On Mon, Sep 11, 2023 at 02:20:01PM -0300, Jason Gunthorpe wrote:
> On Mon, Sep 11, 2023 at 04:57:51PM +0200, Lorenzo Pieralisi wrote:
> > On Thu, Sep 07, 2023 at 11:14:59AM -0700, ankita@nvidia.com wrote:
> > > From: Ankit Agrawal <ankita@nvidia.com>
> > > 
> > > Linux allows device drivers to map IO memory on a per-page basis using
> > > "write combining" or WC. This is often done using
> > > pgprot_writecombing(). The driver knows which pages can support WC
> > 
> > pgprot_writecombine() ?
> > 
> > > access and the proper programming model to generate this IO. Generally
> > > the use case is to boost performance by using write combining to
> > > generate larger PCIe MemWr TLPs.
> > 
> > First off, this changeset does not affect *only* Linux guests, obviously.
> 
> I think everyone understands that. It can be clarified.

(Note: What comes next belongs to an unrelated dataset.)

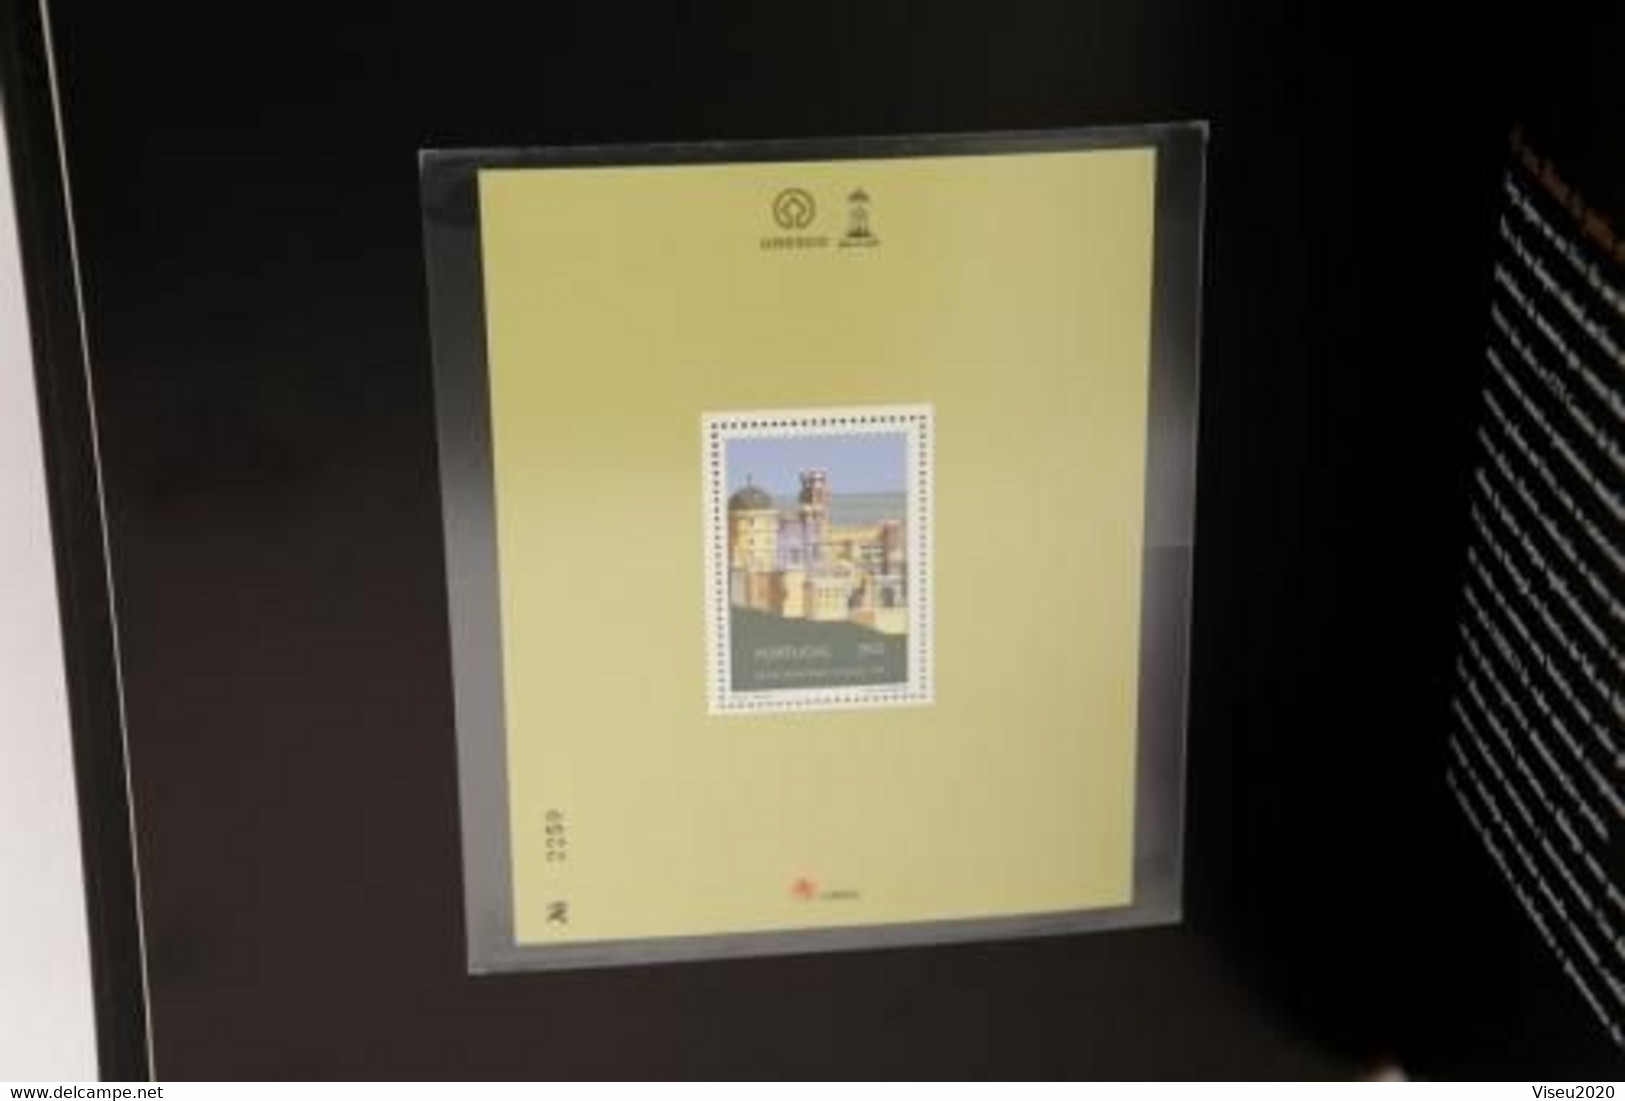 Portugal 2003 - PATRIMÓNIOS MUNDIAIS COM SELO PORTUGUÊS EM QUATRO CONTINENTES - LIVRO TEMATICO CTT - Book Of The Year

OK, this is not a Linux guest fix *only*, everyone understands that
but I would rather make sure that's crystal clear.

> > I understand that's the use case you are after but this change is
> > targeting all VMs, it must be clear.
> > 
> > Then WC and mapping to PCI TLPs, either you describe that in details
> > (NormalNC vs device-nGnRE and resulting SystemBus<->PCI transactions) or
> > you don't describe it at all, as it stands I don't know how to use
> > this information.
> 
> How about another pargraph:
> 
>  KVM prevents all VMs (including Linux) from accessing NORMAL_NC
>  mappings, which is how Linux implements pgprot_writecombine(). This
>  prevents using this performance optimization within VMs.
> 
> I don't think we need to go into details how it works beyond that it
> requires NORMAL_NC.

I think it is worth summarizing the discussion that led to this change,
I can write something up.

> > > Allow VMs to select DEVICE_* or NORMAL_NC on a page by page basis for
> > > all IO memory. This puts the VM in charge of the memory attributes,
> > > and removes the KVM override to DEVICE_nGnRE.
> > > 
> > > Ultimately this makes pgprot_writecombing() work correctly in VMs and
> > 
> > pgprot_writecombine() ?
> > 
> > > allows drivers like mlx5 to fully operate their HW.
> > > 
> > > After some discussions with ARM and CPU architects we reached the
> > > conclusion there was no need for KVM to prevent the VM from selecting
> > > between DEVICE_* and NORMAL_NC for IO memory in VMs. There was a fear
> > > that NORMAL_NC could result in uncontained failures, but upon deeper
> > > analysis it turns out there are already possible cases for uncontained
> > > failures with DEVICE types too. Ultimately the platform must be
> > > implemented in a way that ensures that all DEVICE_* and NORMAL_NC
> > > accesses have no uncontained failures.
> > 
> > I would reorder/rephrase this changelog as follows:
> > 
> > - Describe what the problem is (ie KVM default s2 mappings)
> 
> The problem is that pgprot_writecombine() doesn't work in Linux
> VMs. That is the first pagraph.

s/pagraph/paragraph

Well to me that's how the problem was spotted but OK, I can rewrite
the log and post it here, NP.

> > - Describe how you are solving it
> 
> That is the middle paragraph "Allow VMs to select DEVICE_* or
> NORMAL_NC on a page by page basis"
> 
> > - Add a link to the documentation that states why it is safe to do
> >   that and the resulting s1/s2 mappings combination
> 
> AFAIK there is no documentation beyond the combining rules. Exactly
> what should happen in various error conditions is implementation
> defined. Catalin did you ever find anything?
> 
> > It must be clear why from a legacy standpoint this is a safe change
> > to apply.
> 
> This is why:
>  
> > > Fortunately real platforms do tend to implement this.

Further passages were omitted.